• **Work request**: Return the data below unaltered, but strip out the pictures.

Supplied information START

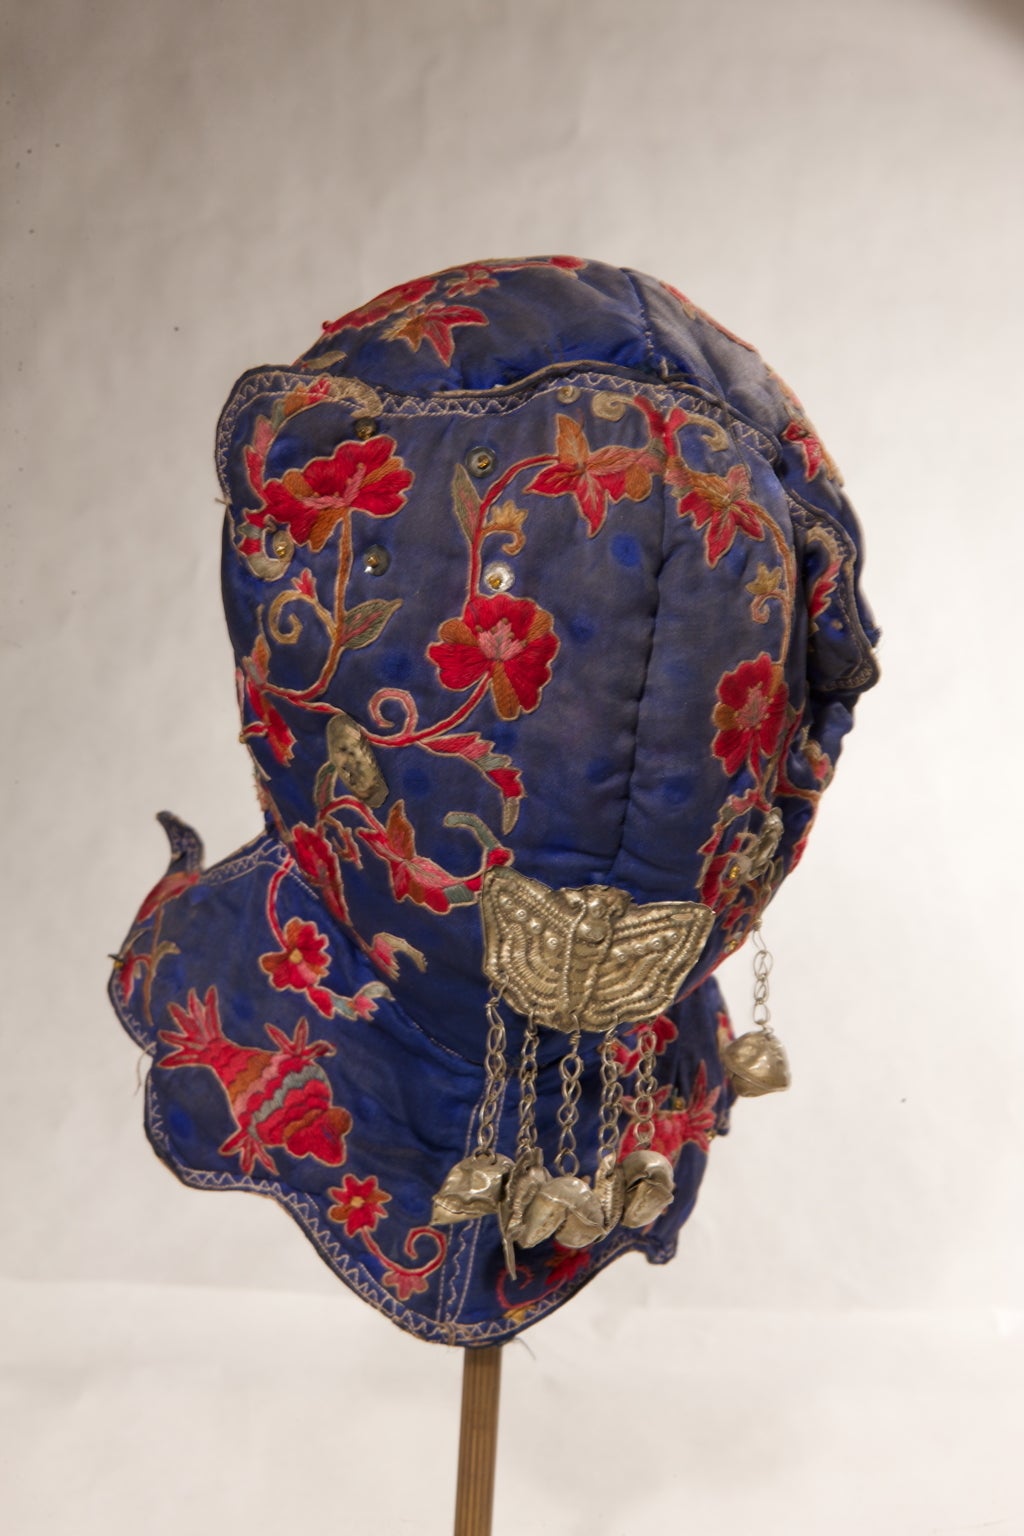 Pretty and old Chinese child bonnet, silk embroidered.
Ref. B/2184 -
Internal stained , but washed and cleaned.

Supplied information END

• **Answer below**:
 Pretty and old Chinese child bonnet, silk embroidered.
Ref. B/2184 -
Internal stained , but washed and cleaned.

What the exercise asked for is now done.